Composição Na oportunidade, o colegiado ajustou também a composição do Grupo de Acompanhamento Técnico do Plano (GAT), que será formado por oito representantes de órgãos gestores de recursos hídricos, quatro das Câmaras Consultivas Regionais (CCRs) e dois representantes da CTPPP/CBHSF. Este seleto grupo terá a incumbência de fis-
calizar as ações que estão sendo executadas pela contratada. Os indicados da CTPPP para o GAT serão definidos na próxima reunião da câmara. O presidente do CBHSF, Anivaldo Miranda, em e-mail enviado aos integrantes da CTPPP, expôs suas contribuições para a consolidação do Termo de Referência. No documento, ele reafirma a importância de englobar no plano decenal assuntos de interesse da bacia e que hoje estão pautados nas principais discussões políticas que envolvem o CBHSF, a exemplo dos usos múltiplos das águas, as vazões reduzidas, futuras hidrovias, matriz energética, corredor multimodal, aquíferos subterrâneos, canais da transposição, bem como a navegabilidade do rio, as usinas nucleares, a exploração do xisto betuminoso, além da construção de Pequenas Centrais Hidrelétricas – PCHs, entre outros.

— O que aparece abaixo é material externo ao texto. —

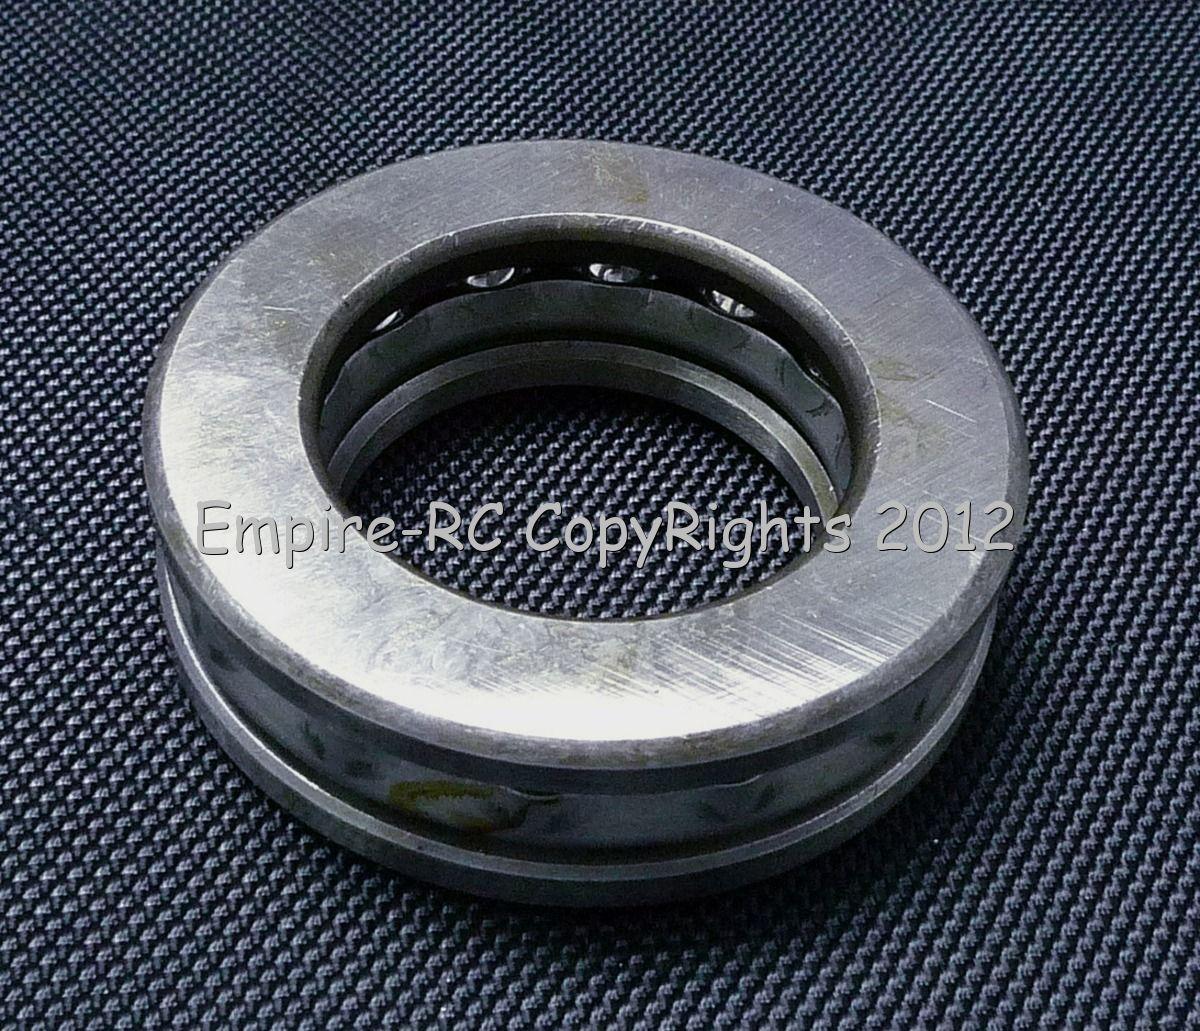 51220 100mm x 150mm x 38mm Axial Ball Thrust Bearing 1 PCS 100x150x38 mm

O plano de bacia do rio São Francisco deverá custar entre R$ 4 milhões e R$ 5 milhões, que serão financiados com recursos da cobrança pelo uso da água. O processo de contratação ficará a cargo da AGB Peixe Vivo.
Deliberação Foi redigida durante o primeiro dia de reunião (21), uma minuta de deliberação que dispõe sobre a suspensão temporária, até a aprovação do plano de recursos hídricos pelo CBHSF, de admissão de novos projetos hidroambientais de demandas espontâneas. O documento não se aplica aos projetos selecionados e aprovados pela Diretoria Colegiada (Direc) nos anos de 2011, 2012 e 2013. A deliberação será colocada em votação na próxima plenária do Comitê do São Francisco, que acontece nos dias 15 e 16 de maio na cidade de Belo Horizonte (MG).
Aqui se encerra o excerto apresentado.